Thanks Eldermike, I'll give that a try. I need to pick up some more arrows anyhow. My Abbott is a "D" style longbow with very shallow center cut and nearly a broom handle. Does any of this have any effect on how to hold and shoot the bow? Good pic Steve, where were you? What wooden arrows do you use with your bow?


----------



## steve morley (Dec 24, 2005)

Lanny said:


> Good pic Steve, where were you? What wooden arrows do you use with your bow?


Lanny it was the Fita 3D world champs in Italy from last month, short range 3D (33 yards). The target distances wern't hard but a lot of pressure to shoot thoses 10's and with elimination rounds added, Tv and public watching made it even more pressured, it was first Fita international for me and considering I normally shoot longer Field rounds it was kind of an unexpected but pleasing result.

Arrows used are my own made 11/32 POC's, 4" parabolic fletch, 125g points with around 450g finished weight (arrows have to be top quality to shoot long range). The Bow was 5 weeks old (my 3rd from that Bowyer) took a little working out as it shoots much flatter than any of his previous Bows, short range being the most difficult to get a feel for.

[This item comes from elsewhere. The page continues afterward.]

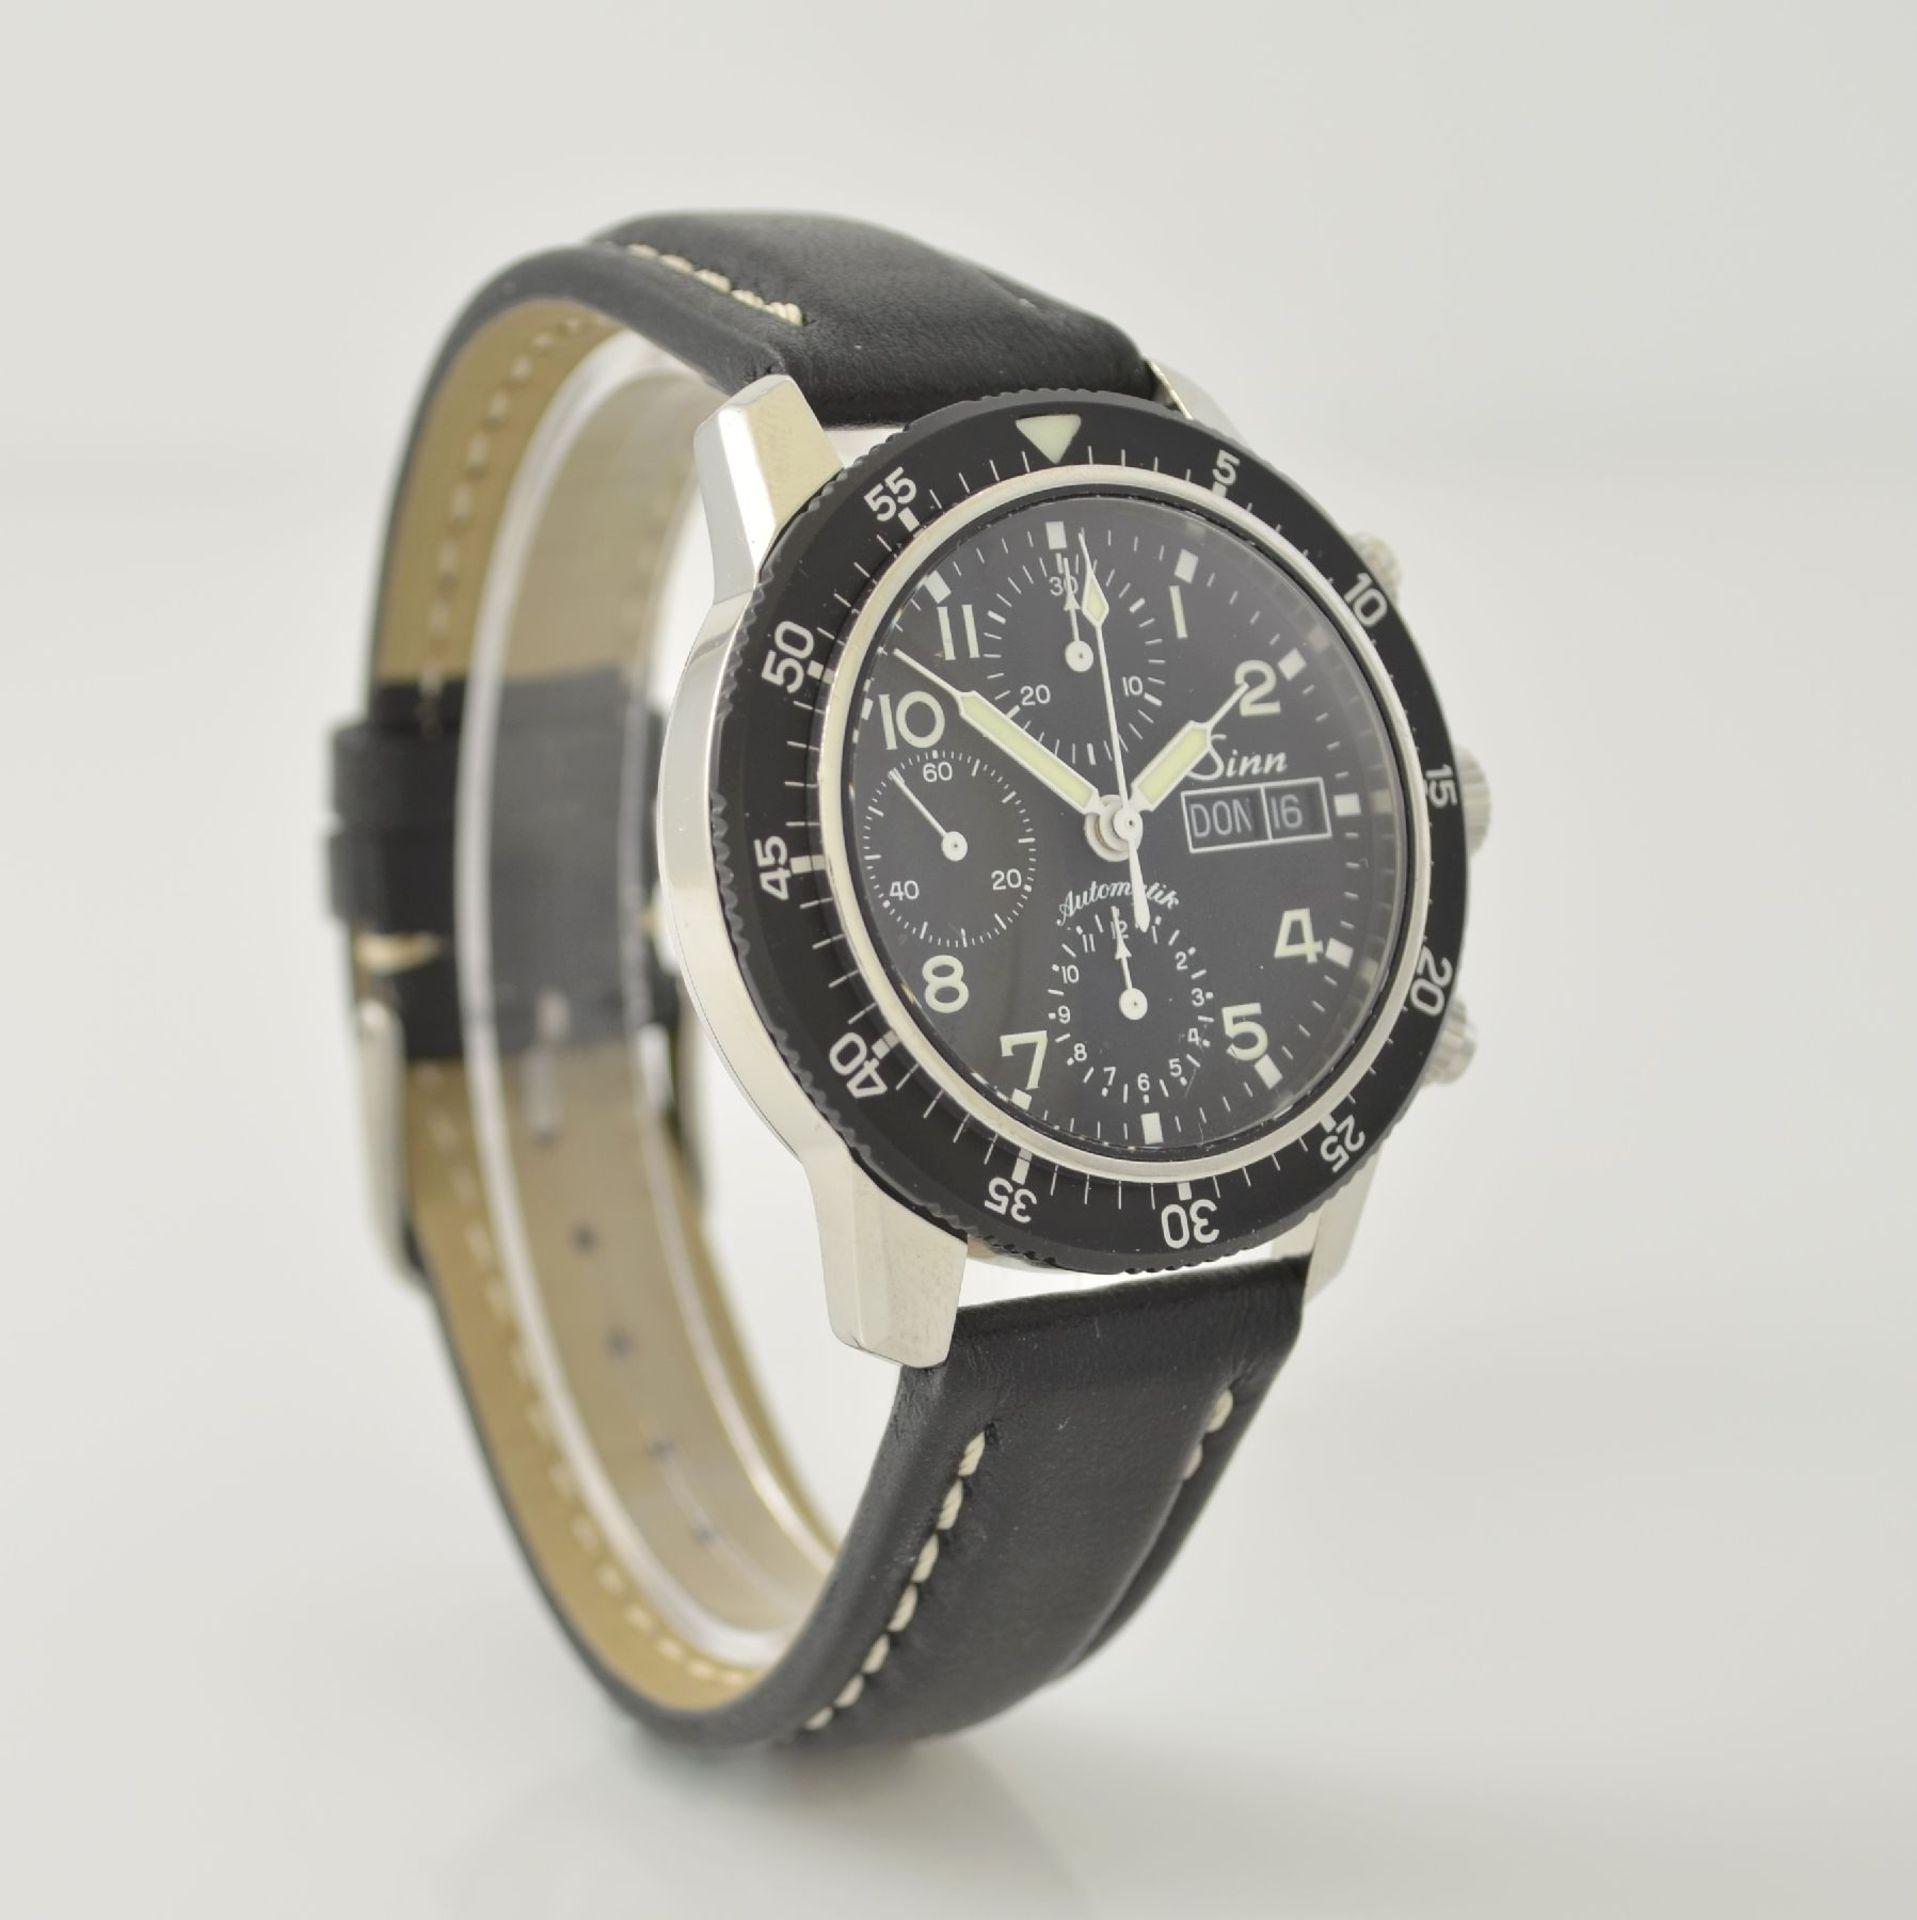 SINN Armbandchronograph, Automatik, Schweiz um 2010, pol. Edelstahlgeh. inkl. orig. Lederband m. - Bild 4 aus 6

The Longbow your using will need to be heeled with the palm of the hand a little more than normal, a lot of people prefer these more simple locator handles as it feels easier to get a repeatable hand position. One of the best things you can do is get MBB3 and watch Rod's and my good friend Larry Yien's section, both of their form is very strong and the kind of form you need to work towards to be able shoot long range well.


----------



## Raider2000 (Oct 21, 2003)

As soon as Hunting season is over I'll continue my target training for longer distance by incorporating the point of aim technique since with the heavy arrows that I shoot & my Anchor point is the thumb against the back of the jaw bone & pointer against my Eye tooth my point of aim is around 40ish yards.

A new concept for me since I've never used this type of aiming technique before this year for Field shots.


----------